**PROBLEM DETAILS**
Please reproduce the listing word for word. Pictures stay out.

**DATA SECTION**
■ ■ ■

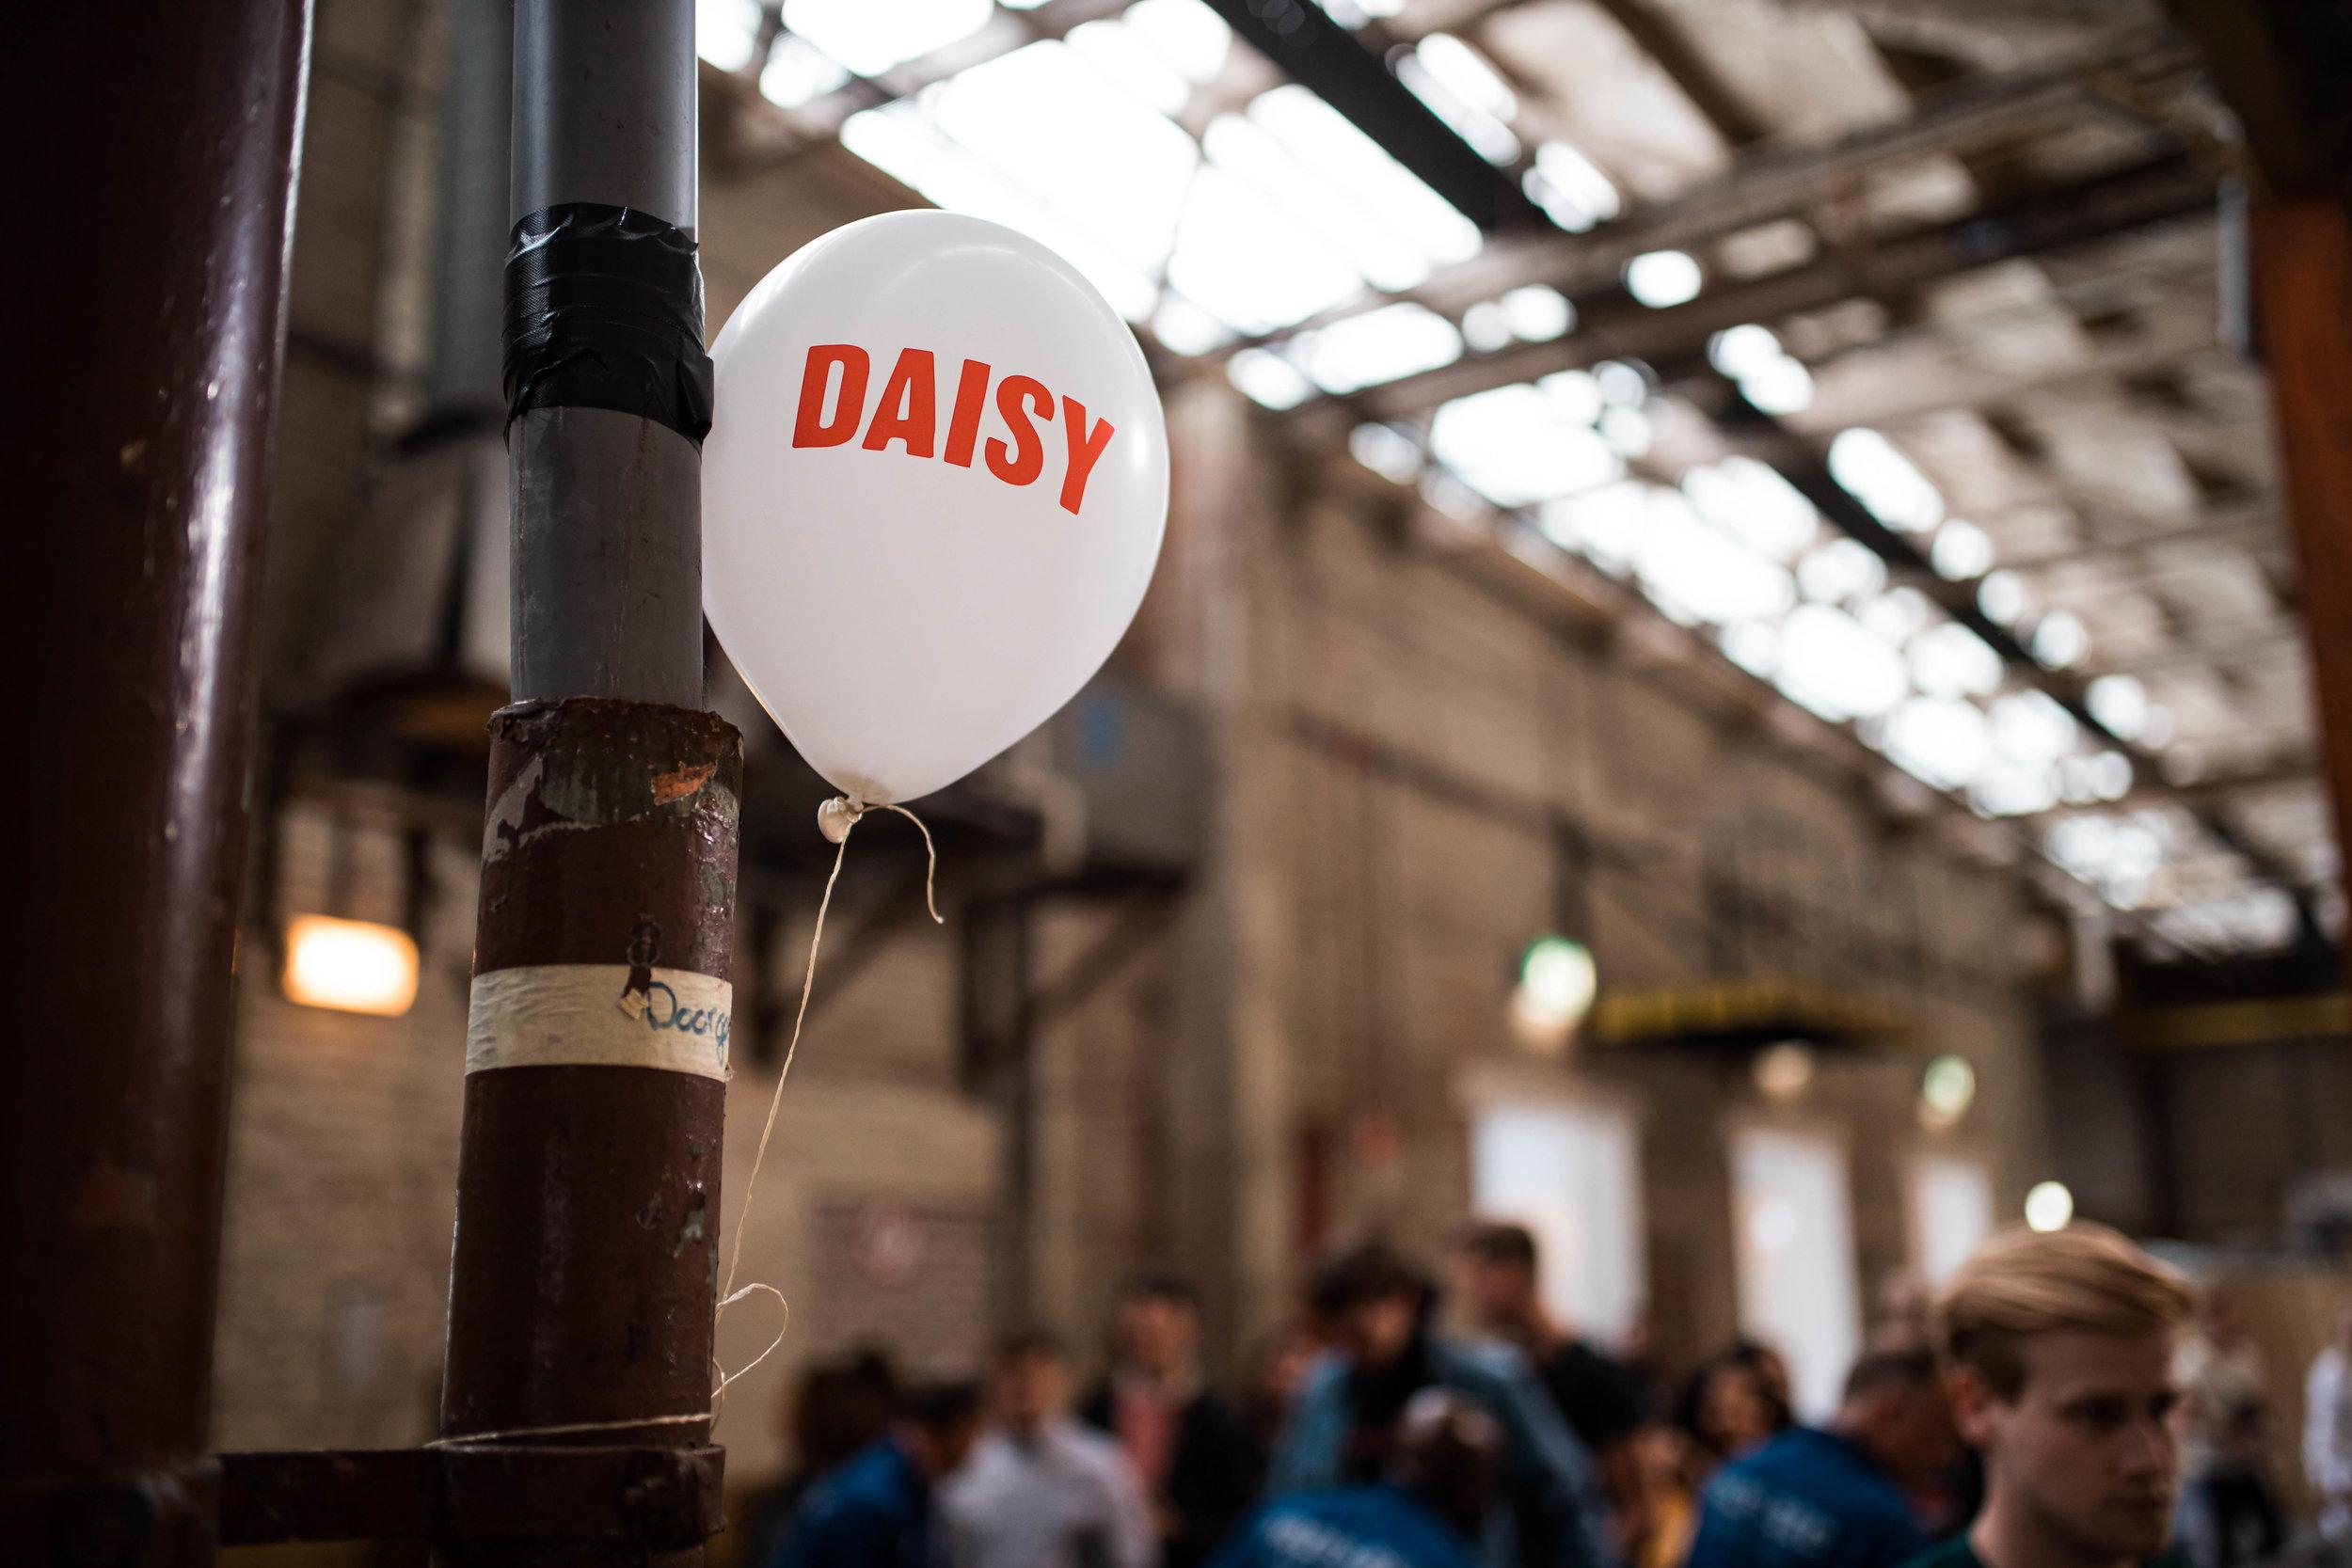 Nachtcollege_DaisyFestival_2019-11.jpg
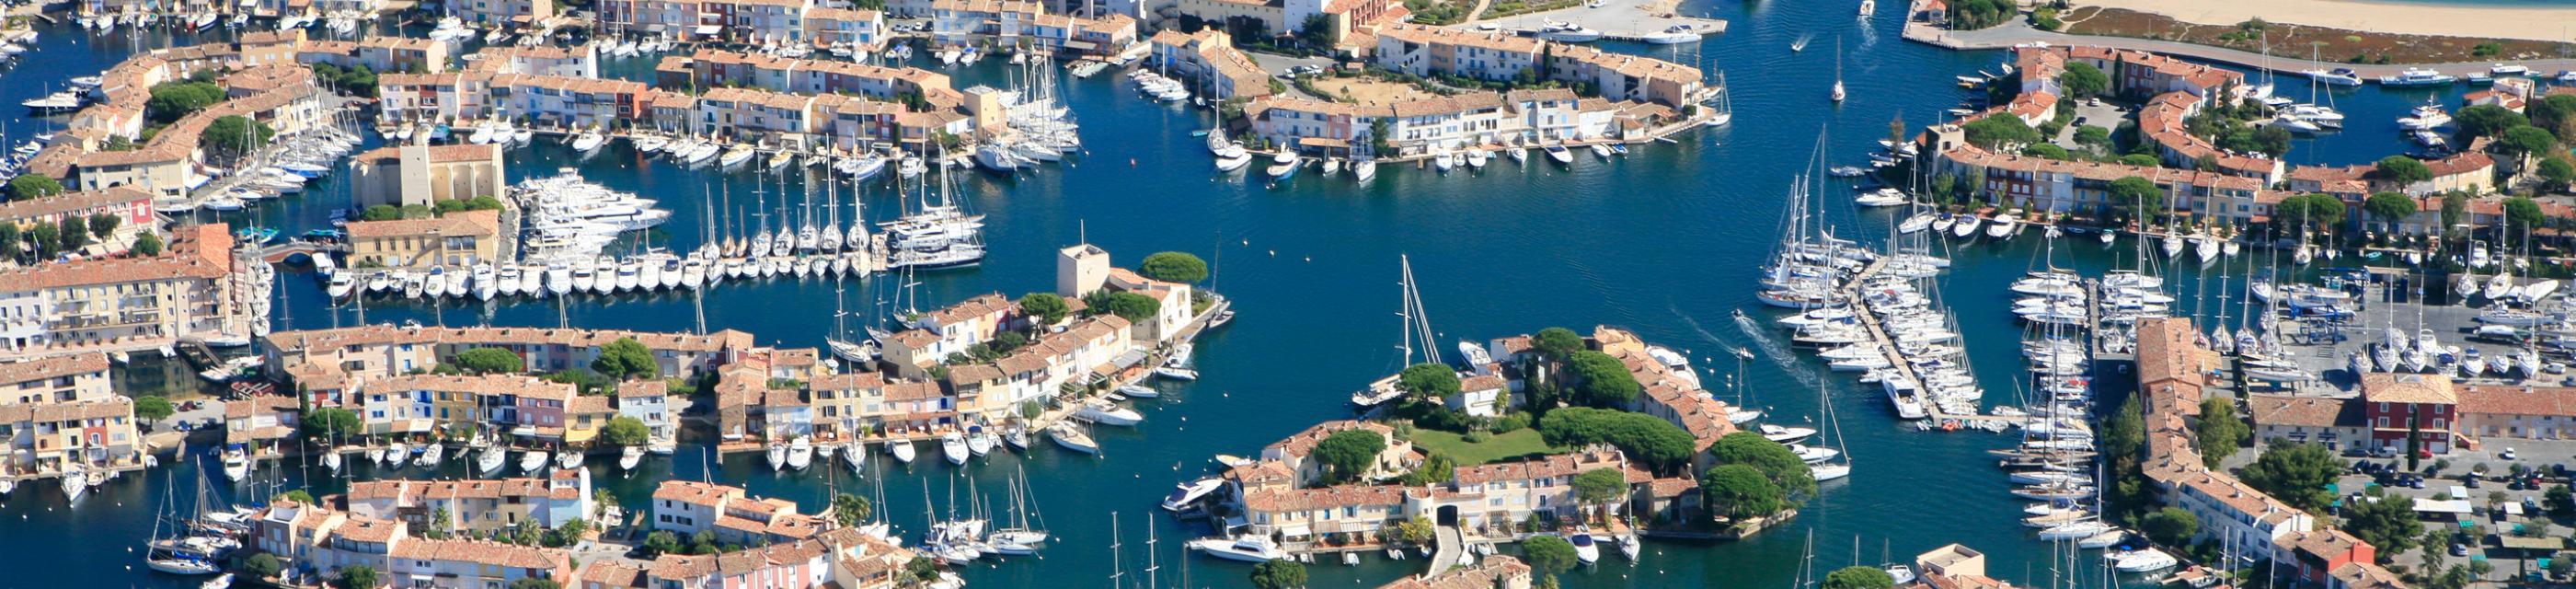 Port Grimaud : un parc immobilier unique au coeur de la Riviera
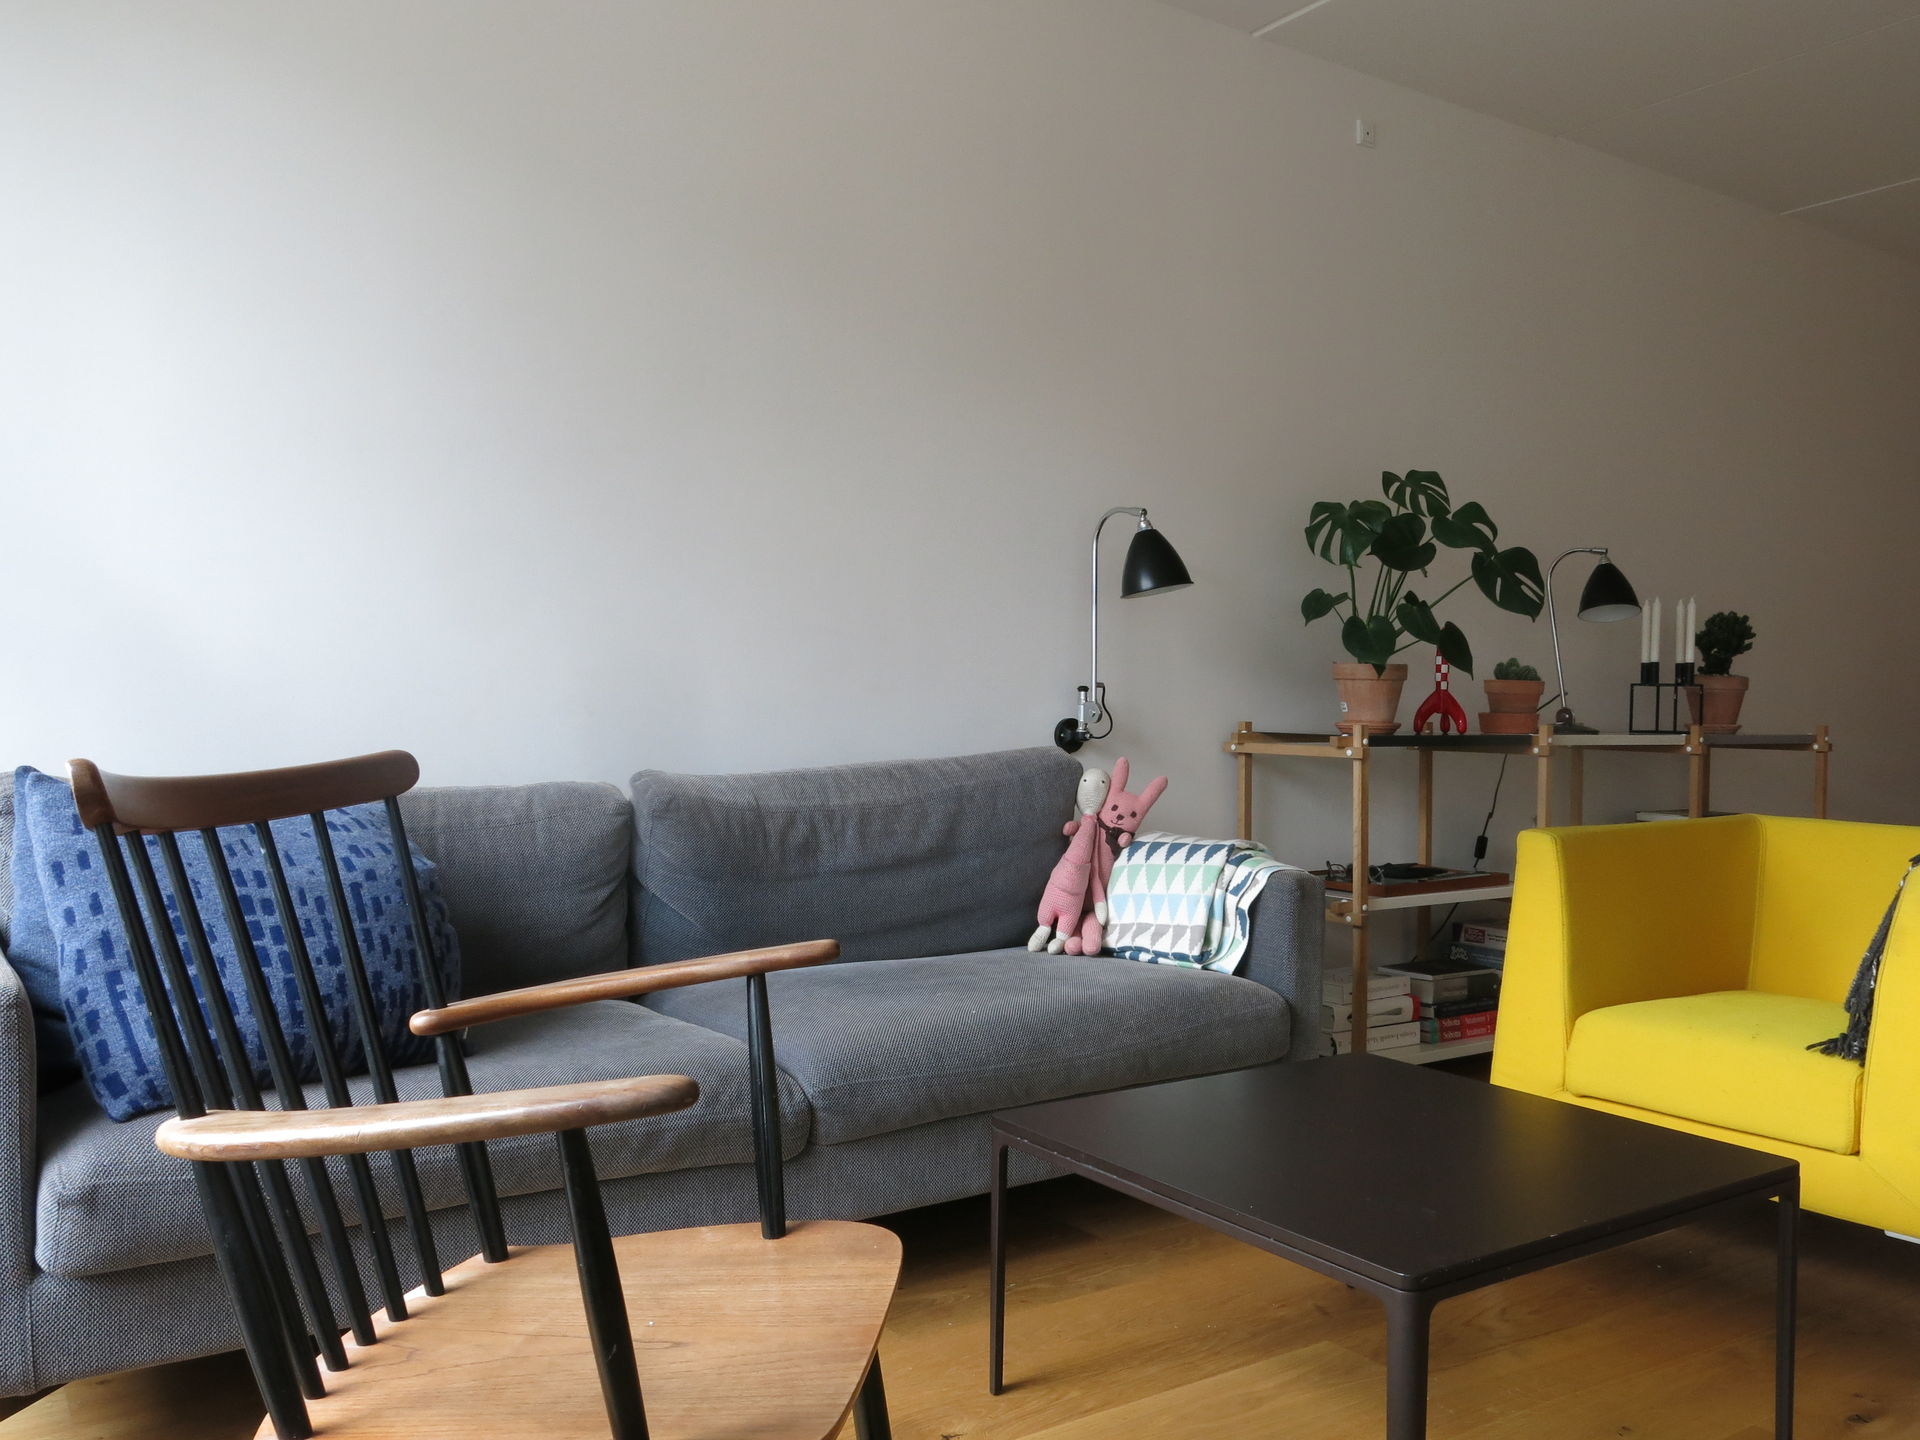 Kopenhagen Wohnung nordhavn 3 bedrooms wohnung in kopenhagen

■ ■ ■

**YOUR SOLUTION**
 Nachtcollege_DaisyFestival_2019-11.jpg
 Port Grimaud : un parc immobilier unique au coeur de la Riviera
 Kopenhagen Wohnung nordhavn 3 bedrooms wohnung in kopenhagen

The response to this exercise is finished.